Along with other efforts to promote engineering to female students, the program has helped lift the number of women in ODU's engineering programs to 15 percent, up from 11 percent only a few years earlier.
Success stories like Alicia Farrow can only help. A 2009 graduate in civil engineering, Farrow is one of 13 Hampton Roads students who have benefitted from the Integrated Internship Program of the Norfolk District of the Army Corps of Engineers.
Farrow, who went through the EEAP program before her freshman year, is currently working on her master's in civil engineering from ODU.
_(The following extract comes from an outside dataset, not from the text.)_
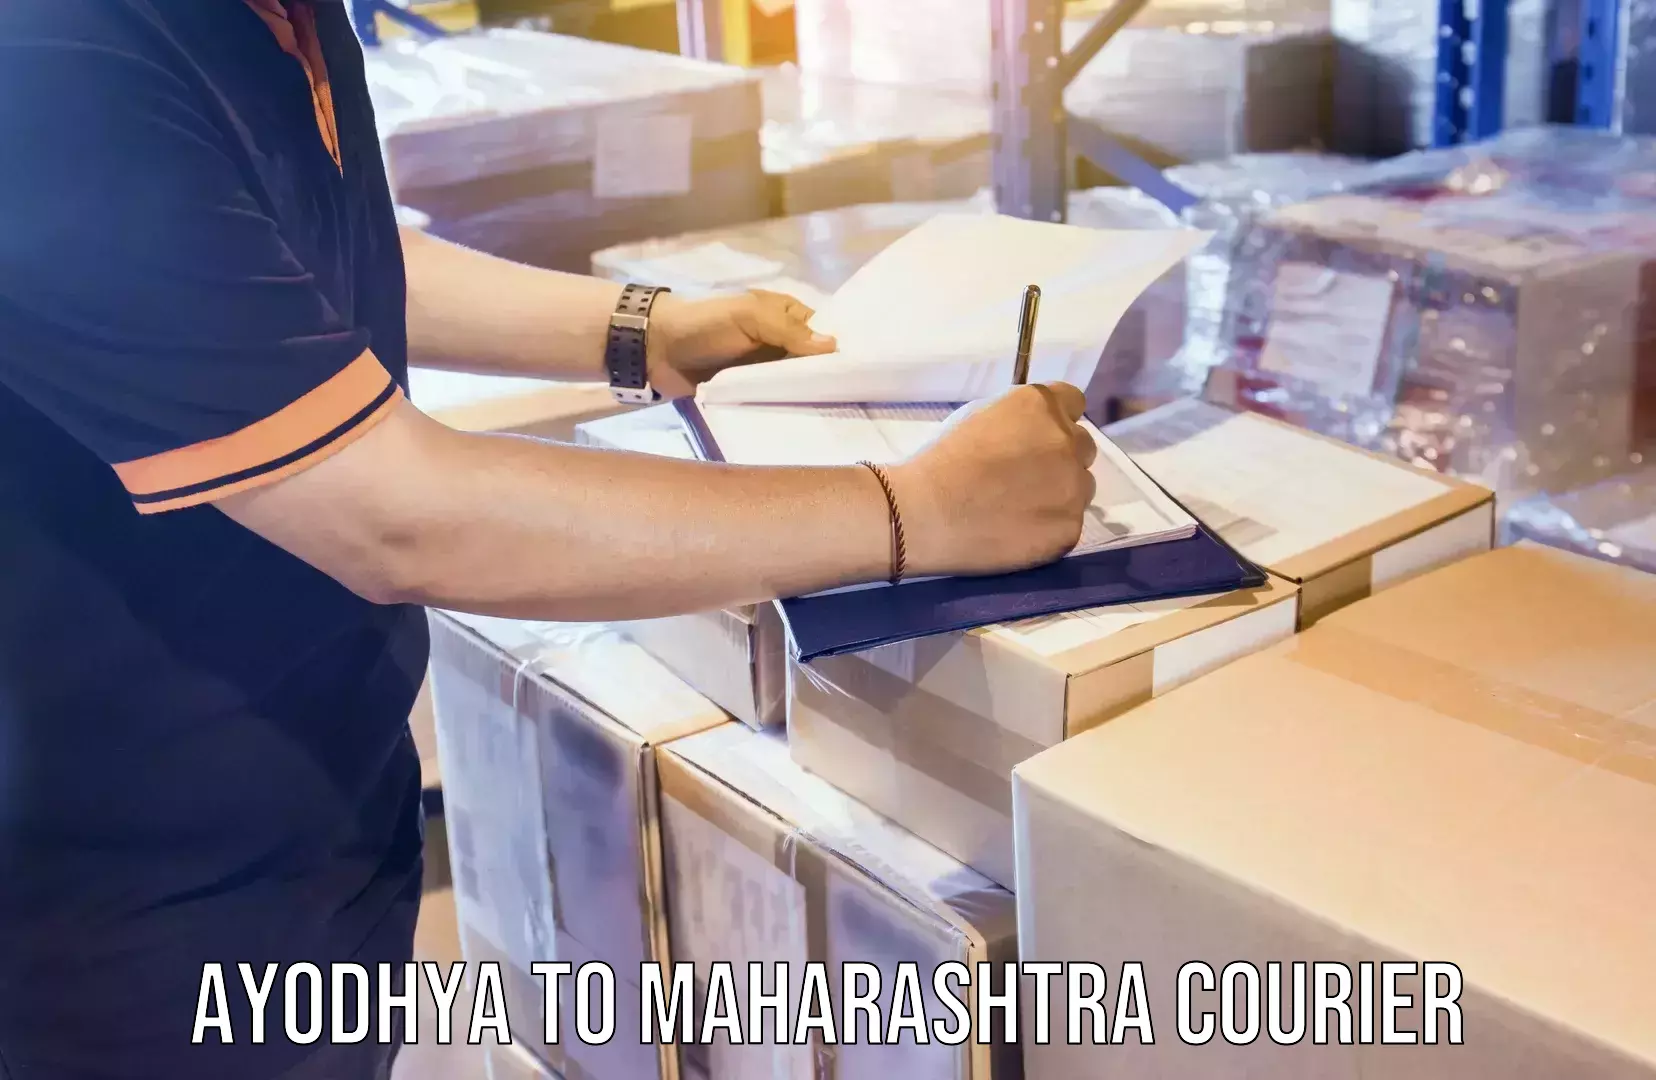 Courier service booking Ayodhya to Maharashtra

In her time with the Corps of Engineers, Farrow assisted project managers with various tasks, such as updating the dredging information system. She got a first-hand look at Corps of Engineers sites such as the Craney Island Dredged Material Management Area, an economical and environmentally sustainable repository for material dredged within the Hampton Roads harbor.
Whenever possible, the District uses dredged material for beach nourishment, habitat restoration, oyster ground restoration, marsh creation or other environmental efforts.
"The best thing about my internship is that the experience is transferrable. I am able to apply some of what I've learned from my classes to my work. I'm even able to take what I learned here and apply it to my school work," Farrow said.
Beverly Forbes, director of experiential education and liaison to the Batten College Career Management Center, said Farrow is a fine example of the quality of students who have been part of the EEAP.
"I believe it is important to continue programs like the EEAP to ensure that we have excellent female engineering graduates who go on to do great things within their profession," Forbes said.
Farrow completed her internship this past summer, when she was promoted to civil engineer. Among her last duties as an intern, she completed a hydrographic survey techniques course in St. Louis.
Some of Farrow's new duties as a civil engineer include becoming district project manager for the Tangier Channels Federal Navigation projects, and the Tangier Island Section 107 Jetty project.
Her next career goal is to become a licensed professional engineer.